标签: php python twill

我使用twill在受登录表单保护的网站上导航。

from twill.commands import *

go('http://www.example.com/login/index.php') 
fv("login_form", "identifiant", "login")
fv("login_form", "password", "pass")
formaction("login_form", "http://www.example.com/login/control.php")
submit()
go('http://www.example.com/accueil/index.php')

在最后一页上,我想下载一个可通过div访问的Excel文件,其中包含以下属性:

onclick="OpenWindowFull('../util/exports/control.php?action=export','export',200,100);"

使用twill我可以访问PHP脚本的URL并显示文件的内容。

go('http://www.example.com/util/exports/control.php?action=export')
show()

然而,返回对应于原始内容的字符串:因此不可用。
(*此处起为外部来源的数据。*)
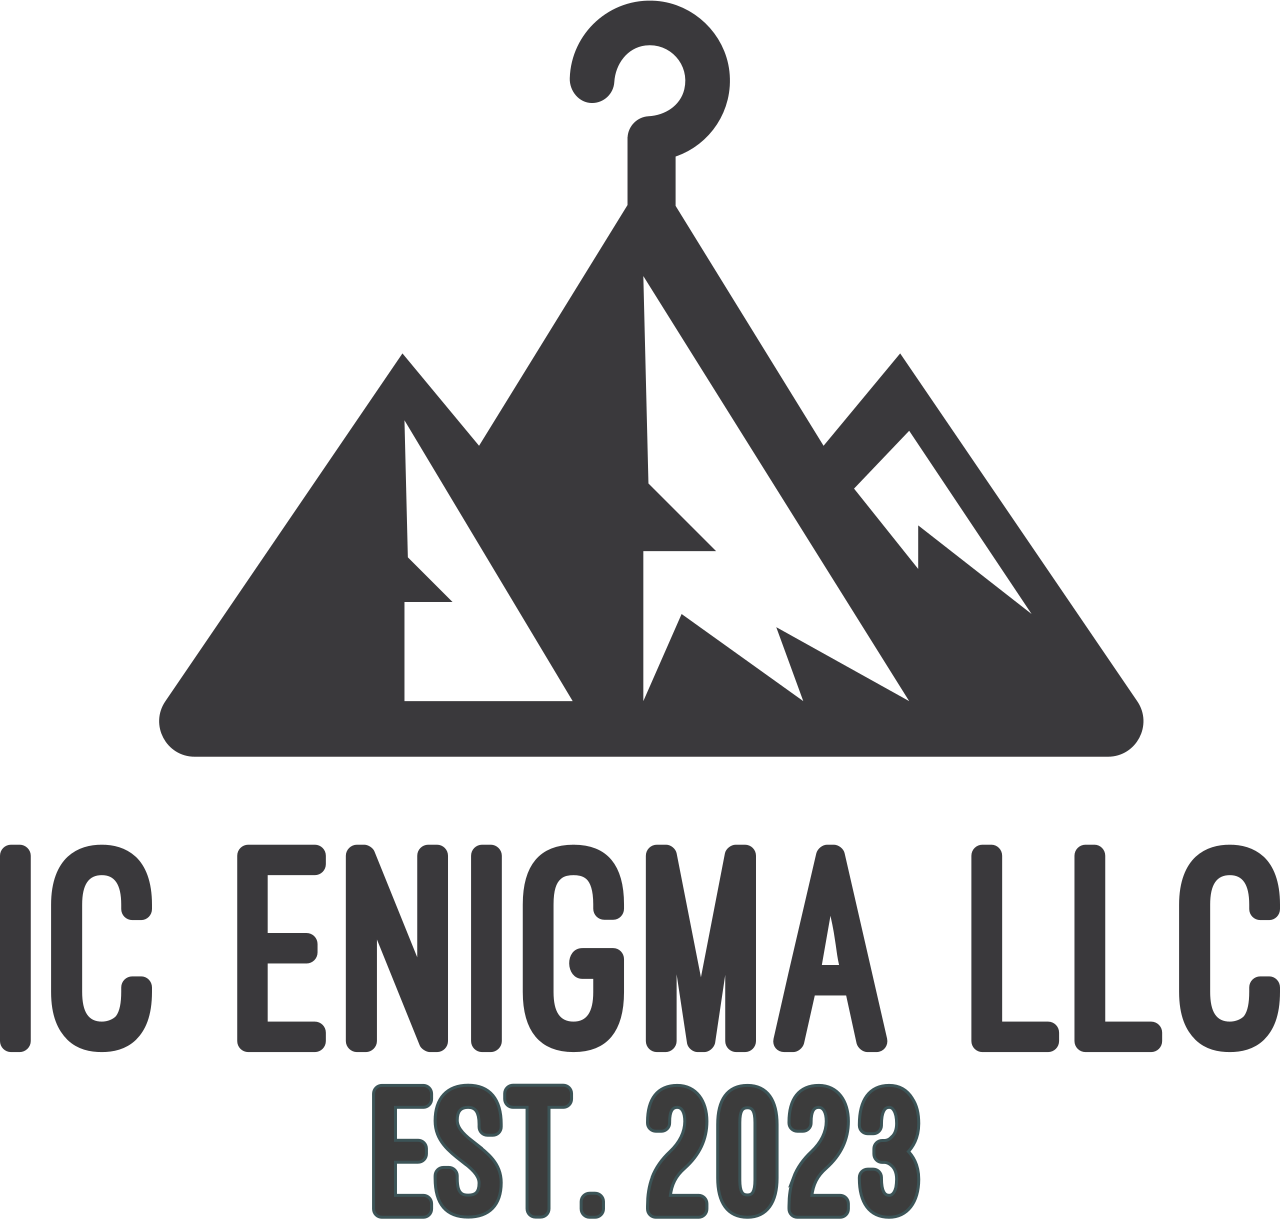 IC Enigma LLC's logo

有没有办法以类似urllib.urlretrieve()的方式直接检索Excel文件?

2 个答案:

答案 0 :(得分:1)

我设法将cookie从twill发送到requests

Nota:由于登录时错综复杂的控制(无法确定正确的标题或其他选项),我无法使用requests

import requests
from twill.commands import *

# showing login form with twill
go('http://www.example.com/login/index.php') 
showforms()

# posting login form with twill
fv("login_form", "identifiant", "login")
fv("login_form", "password", "pass")
formaction("login_form", "http://www.example.com/login/control.php")
submit()

# getting binary content with requests using twill cookie jar
cookies = requests.utils.dict_from_cookiejar(get_browser()._session.cookies)
url = 'http://www.example.com/util/exports/control.php?action=export'

with open('out.xls', 'wb') as handle:
    response = requests.get(url, stream=True, cookies=cookies)

    if not response.ok:
        raise Exception('Could not get file from ' + url)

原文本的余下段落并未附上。